2.2.1.2 Goma xantana
A produção de goma xantana com a qualidade necessária de um polímero é facilmente alcançada, sendo obtida via fermentação por bactéria. Variando os processos de fermentação podem-se alcançar polímeros com melhor injetabilidade.
A goma xantana não sofre degradação rápida com a taxa de cisalhamento e não é sensível ao aumento da salinidade, porém, esta possui algumas desvantagens como sua elevada aderência à formação e sua susceptibilidade a ataques de bactérias, sendo necessários processos de filtração
para evitar a formação de resíduos na formação e a adição de bactericidas para prevenir sua degradação, que eleva o seu custo de injeção (Chang 1978).
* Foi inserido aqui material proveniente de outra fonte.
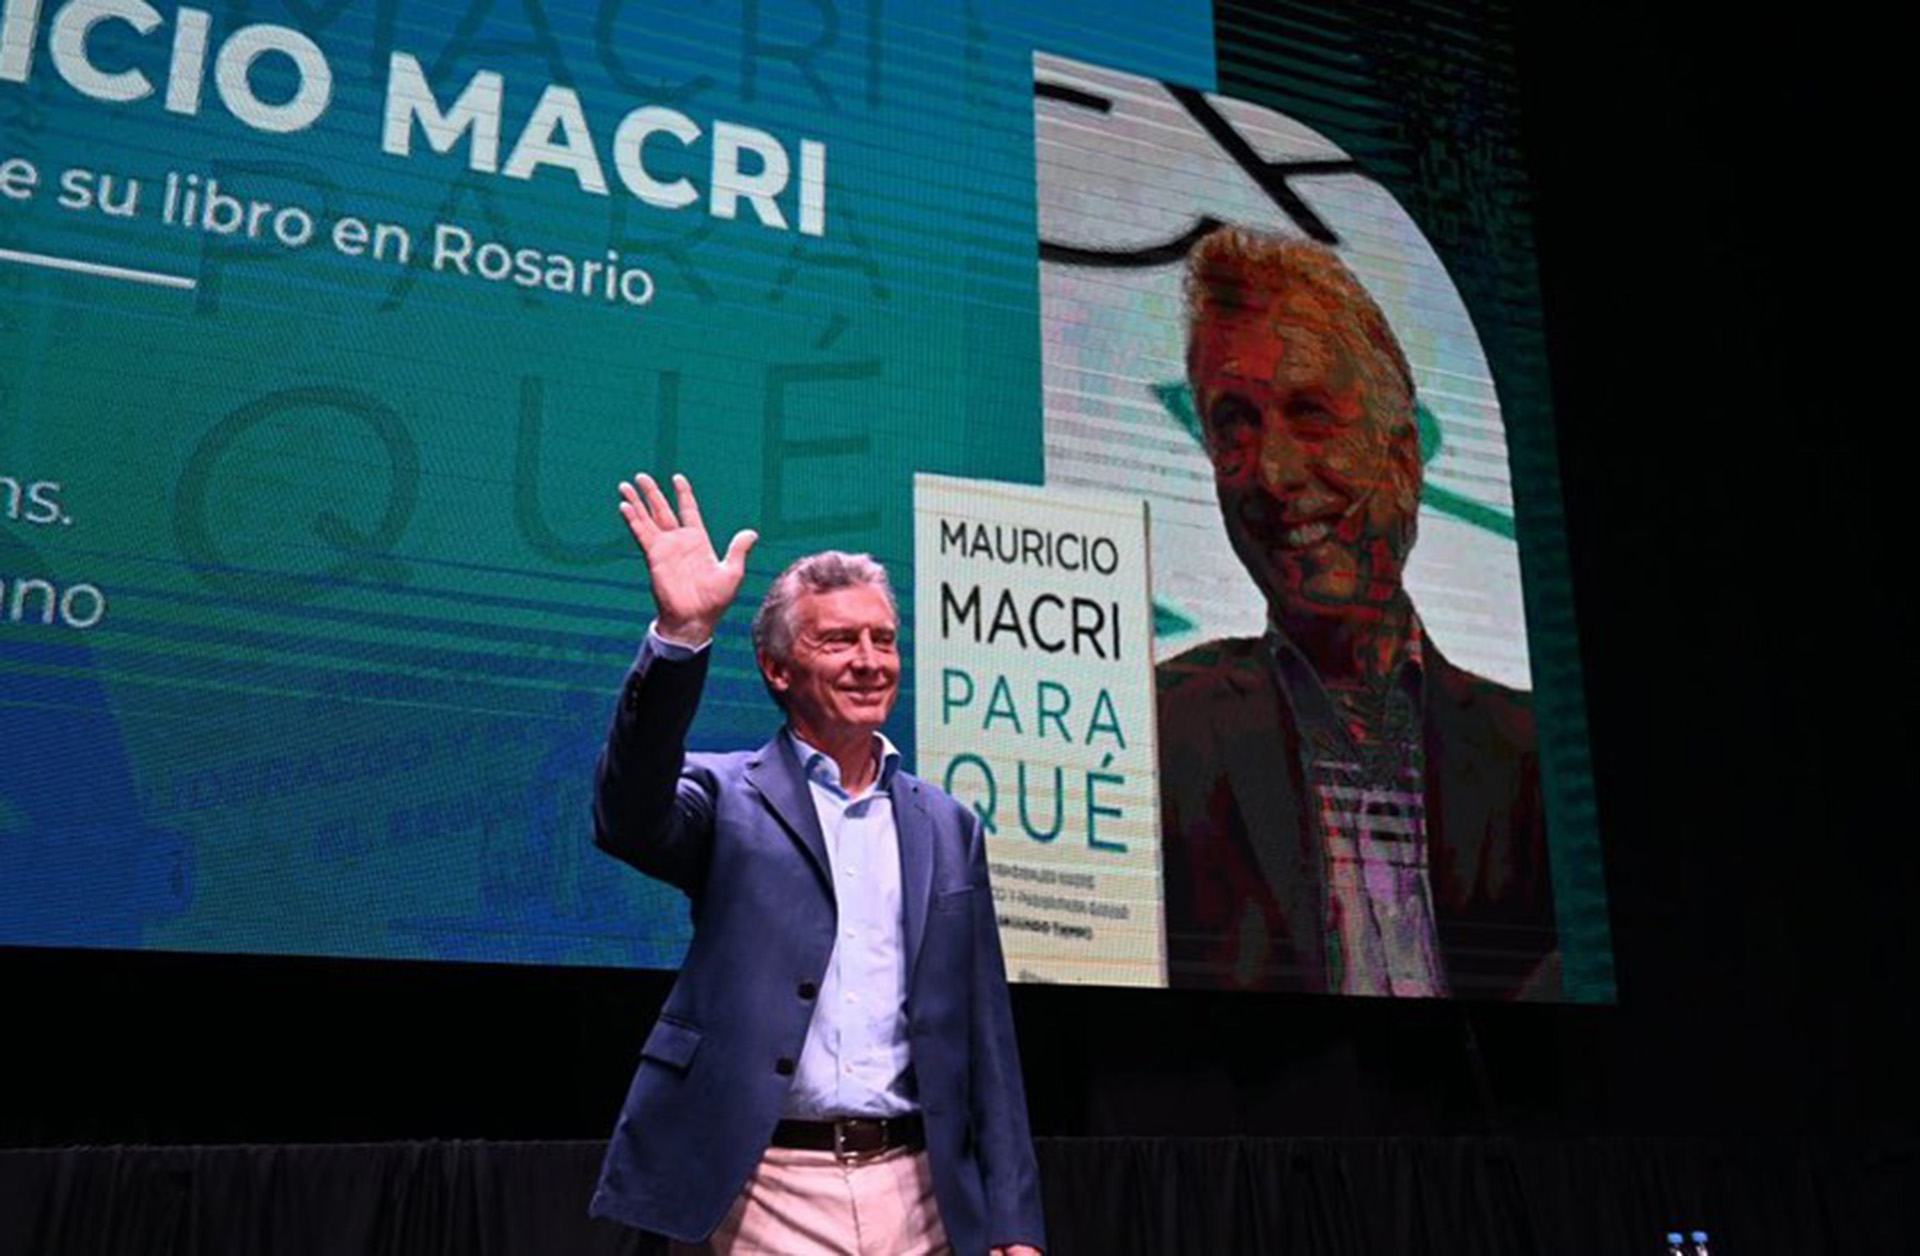 Mauricio Macri medita el anuncio sobre su futuro político, mientras acelera la filmación del documental sobre su vida

A xantana, produzida pelo microrganismo Xanthomonas campestris (Needham, 1987; Sorbie, 1991), tem a estrutura apresentada na Figura 2-5.
Figura 2-5 - Estrutura molecular da xantana (Manichand, 2006).
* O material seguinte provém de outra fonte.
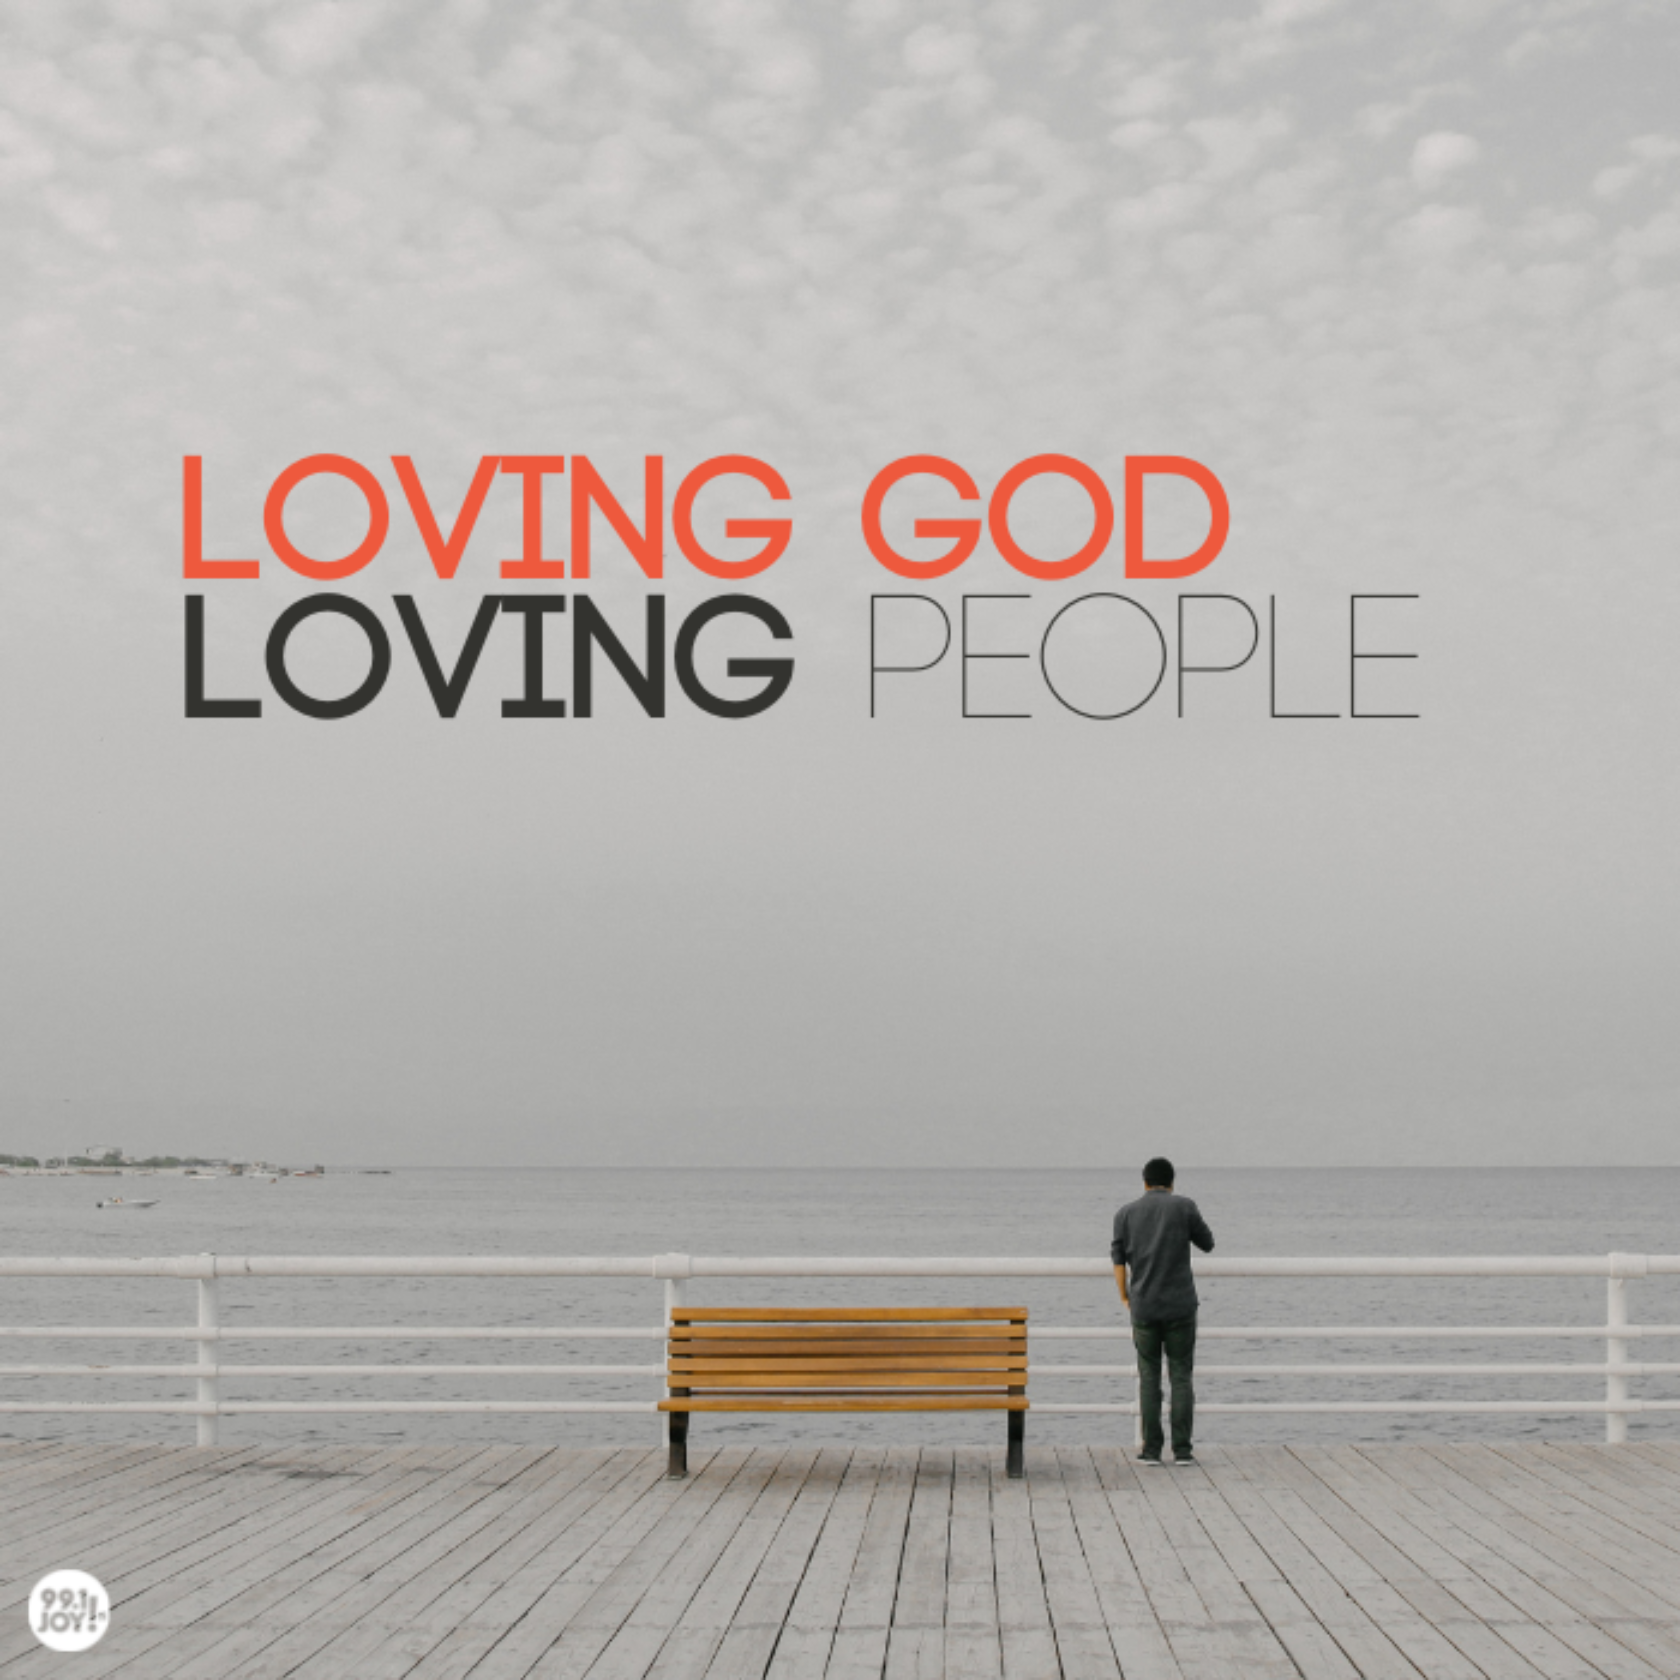 Loving God. Loving People.

A cadeia principal, semelhante à celulose, consiste de unidades de glicose com ligações glicosídicas β(1-4). Porém, as cadeias laterais pendentes, ligadas a cada segunda unidade de glicose da cadeia principal, são características muito importantes da estrutura da xantana. A xantana tem estrutura de bastão helicoidal rígido. A insensibilidade relativa do comportamento de escoamento da xantana à temperatura, pH, força iônica de soluções (salinidade/dureza), além do comportamento pseudoplástico, é esperada para macromoléculas na forma de bastão (Green, 1998; Sorbie, 1991).
O comprimento hidrodinâmico da xantana em solução é aproximadamente 1,5 μm, enquanto o comprimento da molécula é estimado em 2 – 10 μm. A estrutura helicoidal dupla da xantana é mantida na maioria das soluções de injeção em reservatório, em toda faixa de temperatura na qual a xantana é estável (< 85 °C) (Sorbie, 1991).
A molécula da xantana pode sofrer uma transição do tipo ordem-desordem pela variação da temperatura ou a salinidade da solução. Essa transição é associada à estrutura helicoidal, sendo esta aberta por um aumento de temperatura ou uma redução de salinidade, passando, assim, a molécula a uma conformação de novelo aleatório. A influência dessa transição conformacional hélice-novelo pode ser notada nas propriedades de estabilidade da molécula, nas propriedades reológicas em soluções de baixa salinidade a temperaturas elevadas, e nas propriedades de adsorção (Sorbie, 1991).